What effect can blacking out your Facebook avatar really have on legislation? I joined in; blacked out my Facebook and Twitter, and signed the petition, but wasn’t really sure if it was going to have the desired effect —the repeal of Section 92A of the Copyright Act.

When I showed up to the protest at 12pm on Thursday 19 February, I was surprised. There was a large group of people of all kinds; guys that looked like it was the first time they’d stepped away from their computers in years, random hippies and even corporate, suit-wearing types. People were decked out in bright colours, because it was a “positive protest” according to the Creative Freedom Foundation’s memo. A fair few people carried black placards and some had their mouths taped shut.
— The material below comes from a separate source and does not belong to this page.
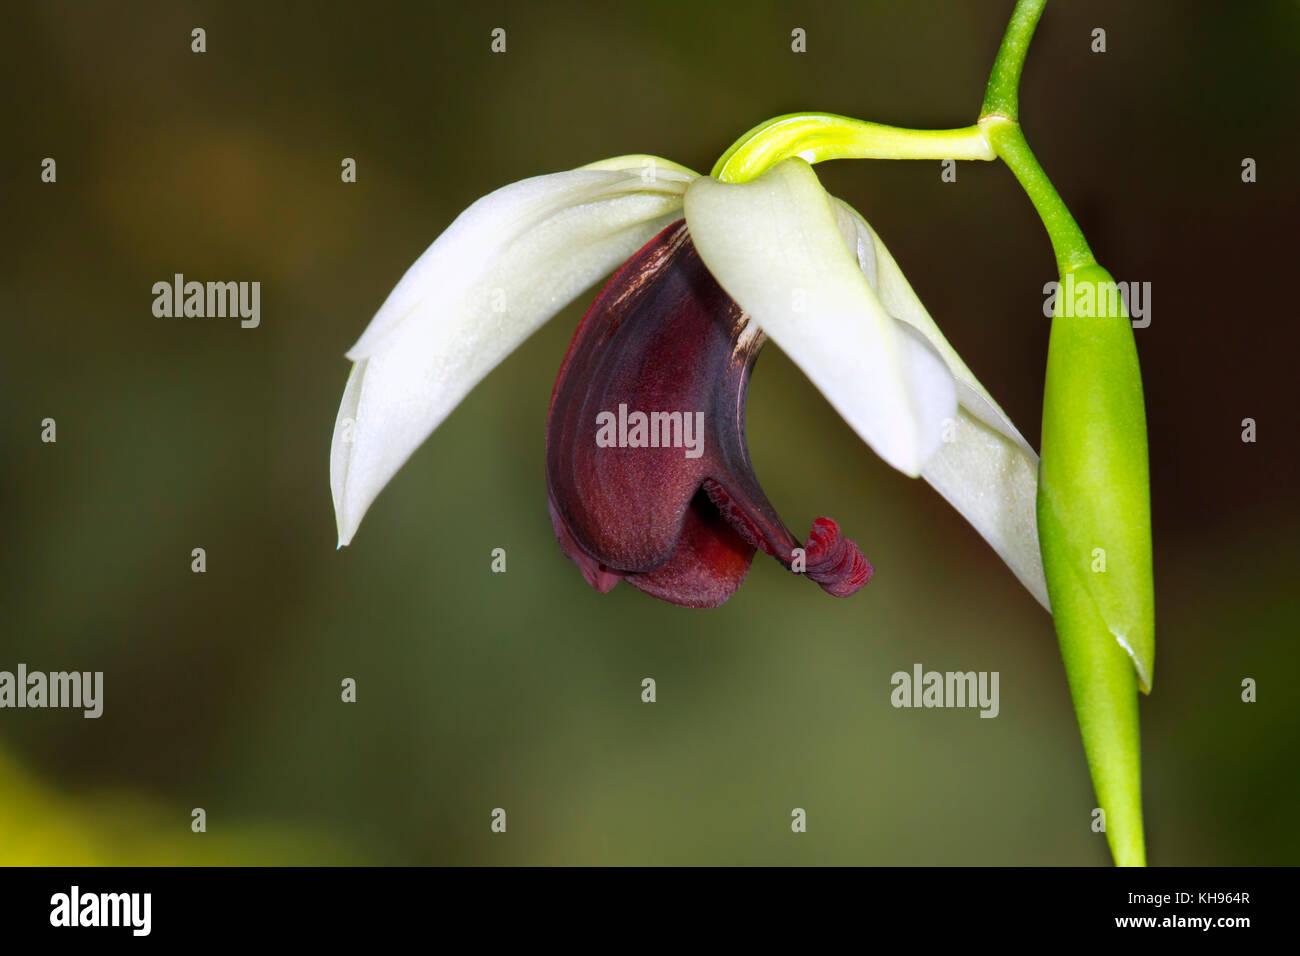 Coelogyne usitana is orchid native to the Philippine island of Mindanao - Stock Image

It wasn’t a slogan-shouting protest, it wasn’t rowdy. It was a bunch of people quietly talking among themselves. We listened to Bronwyn Holloway-Smith present a petition signed by 148 people and with over 10,000 internet signatures to Peter Dunne. After a quick conference with the security regarding the other protest – Sri Lankans wishing to encourage the government to stop the persecution of the Tamil Tigers – our protest moved hurriedly through its agenda.

Clare Curran, Labour MP and ICT spokesperson announced that she would be tabling an amendment at that afternoon’s House session that would delay Section 92A from coming into law until all parties had come to a consensus on what the actual ramifications of the law would be. This was met with a chorus of support and thanks.

After that, we had to dissipate as it appeared the other group had ‘reserved’ the steps for their protest. We hurried, satisfied we’d been heard and taken seriously, back to our computers. They looked like they could take us.